An experimental vaccine developed by German drug developer BioNTech showed early promise in a small study of people with pancreatic cancer, suggesting that personalized immunotherapy could offer a way to treat one of the deadliest types of tumors.

The results, published in the journal Nature on Wednesday, showed trial participants who responded to treatment with the vaccine went longer without their cancer returning after surgery than those who didn’t respond. The study was primarily designed to assess safety and participants’ immune responses, and “responder” analyses aren’t as rigorous a test as placebo-controlled comparisons.

Still, the data’s publication is the second time this year a drugmaker has detailed trial findings for a personalized cancer vaccine, after years of setbacks in the research field. In April, Moderna and partner Merck & Co. disclosed full results from a mid-stage trial of a cancer vaccine they’re developing for melanoma.

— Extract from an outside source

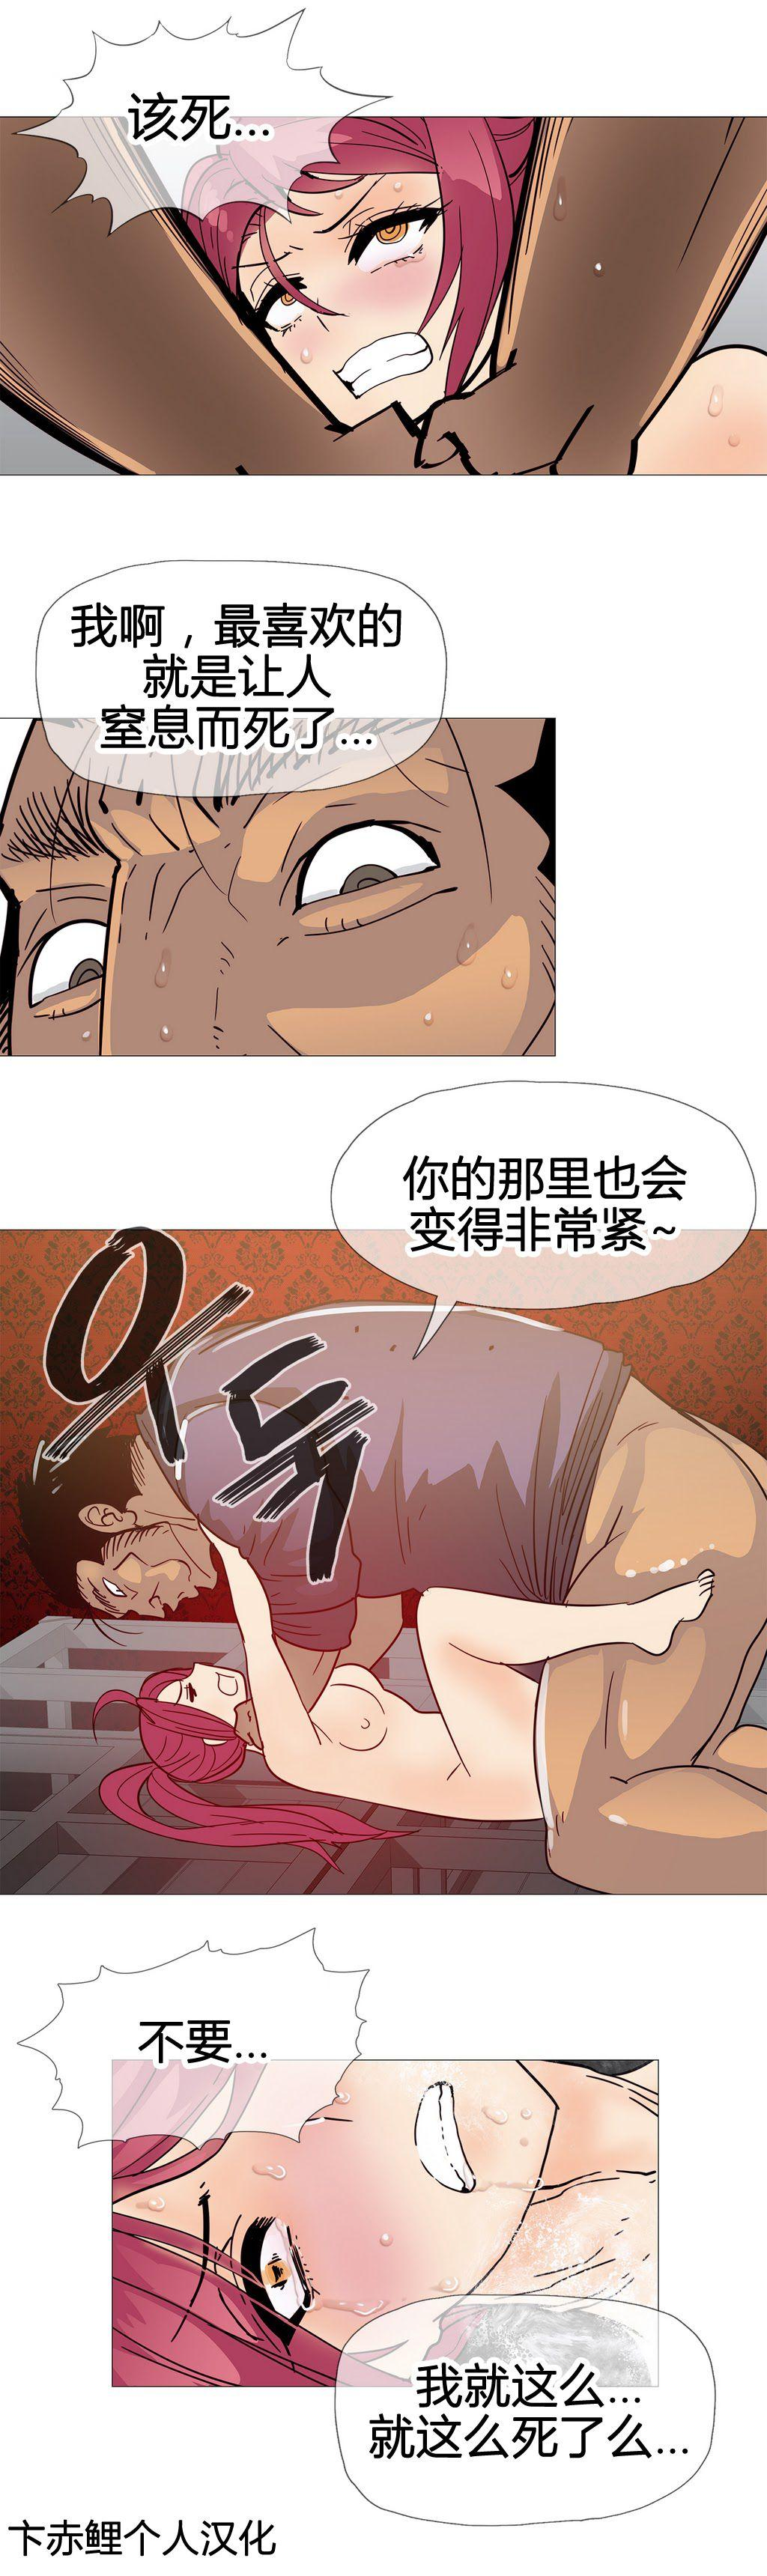 HouseHold Affairs 【卞赤鲤个人汉化】1~33话(持续更新中) 206
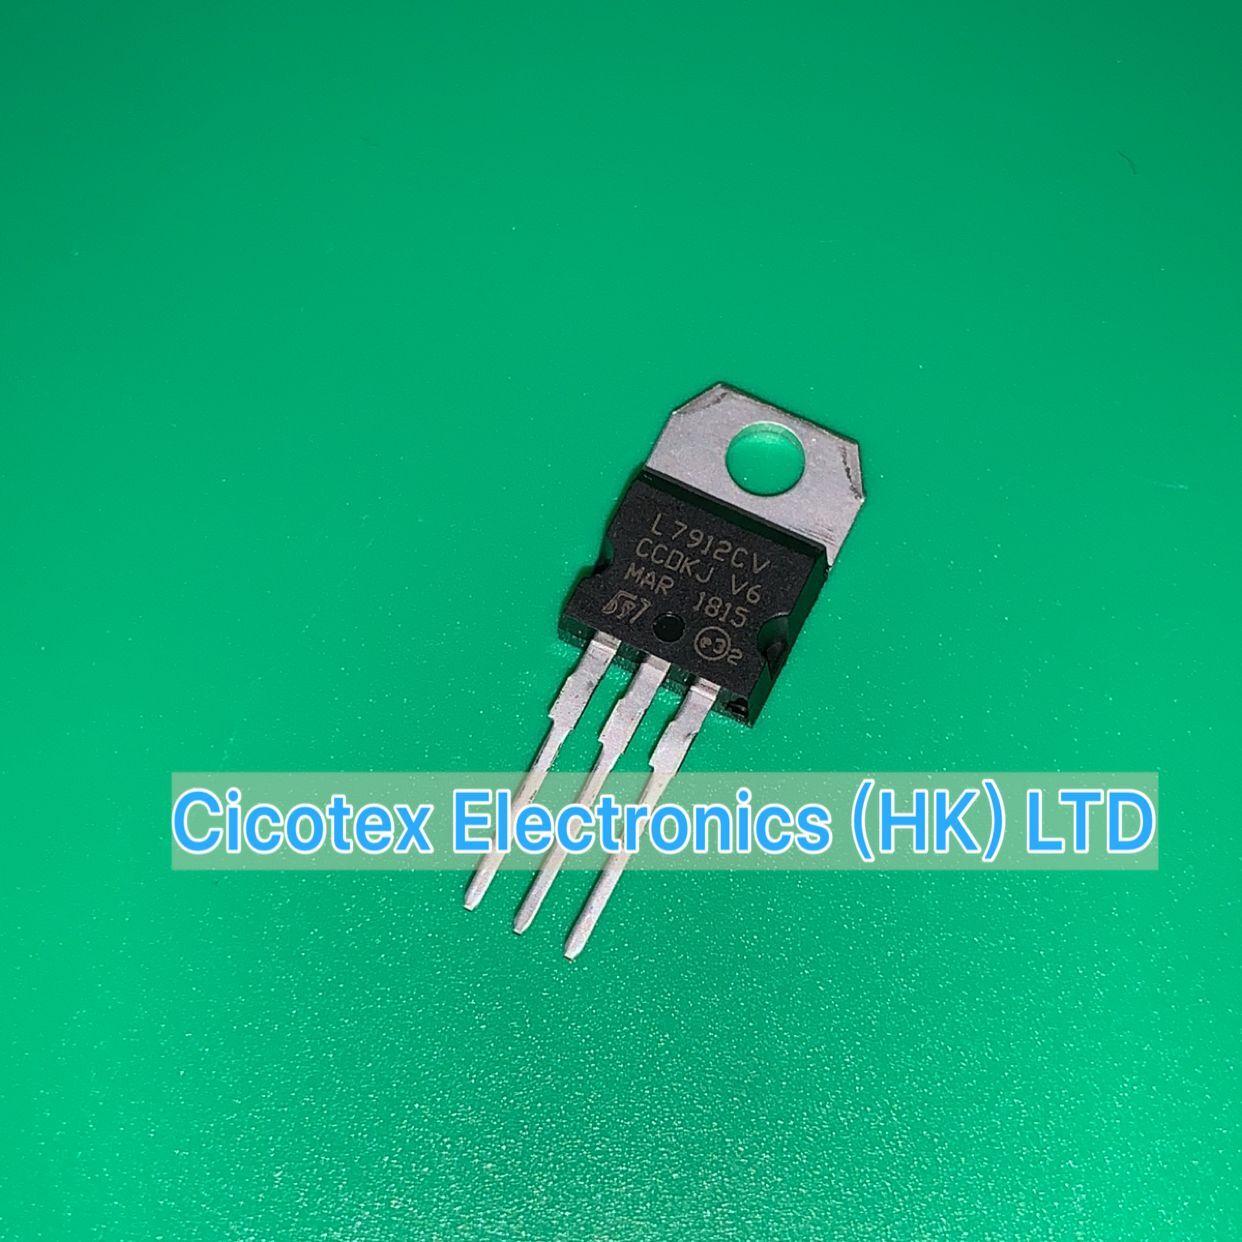 10 unids/lote L7912CV IC regulador lineal-12 V 1.5A TO220AB reguladores de voltaje negativo

The studies also provide a sign that the biggest names in messenger RNA-based medicines may have a chance to deliver on expectations investors held for them in cancer treatment prior to their success developing COVID-19 vaccines. Roche paid $310 million seven years ago to collaborate with BioNTech on mRNA cancer vaccines.

BioNTech tested its cancer vaccine together with the immunotherapy Tecentriq, which is manufactured by Roche. The small trial was designed to detect whether the vaccine could stimulate T cells that target patient-specific mutated proteins on tumor cells. BioNTech said its vaccine can target up to 20 of these so-called neoantigens per patient.

Patients first underwent surgery to remove their tumors, then were treated with a single dose of Tecentriq, followed by eight infusions of BioNTech’s vaccine, called, autogene cevumeran. They then received a chemotherapy regimen called FOLFIRINOX. Of the 34 patients who were screened in the trial, 28 underwent surgery, 19 received Tecentriq, 16 got autogene cevumeran and 15 were treated with chemotherapy. Some patients dropped out for reasons that included disease progression, personal decisions to withdraw and an inability to manufacture the vaccine.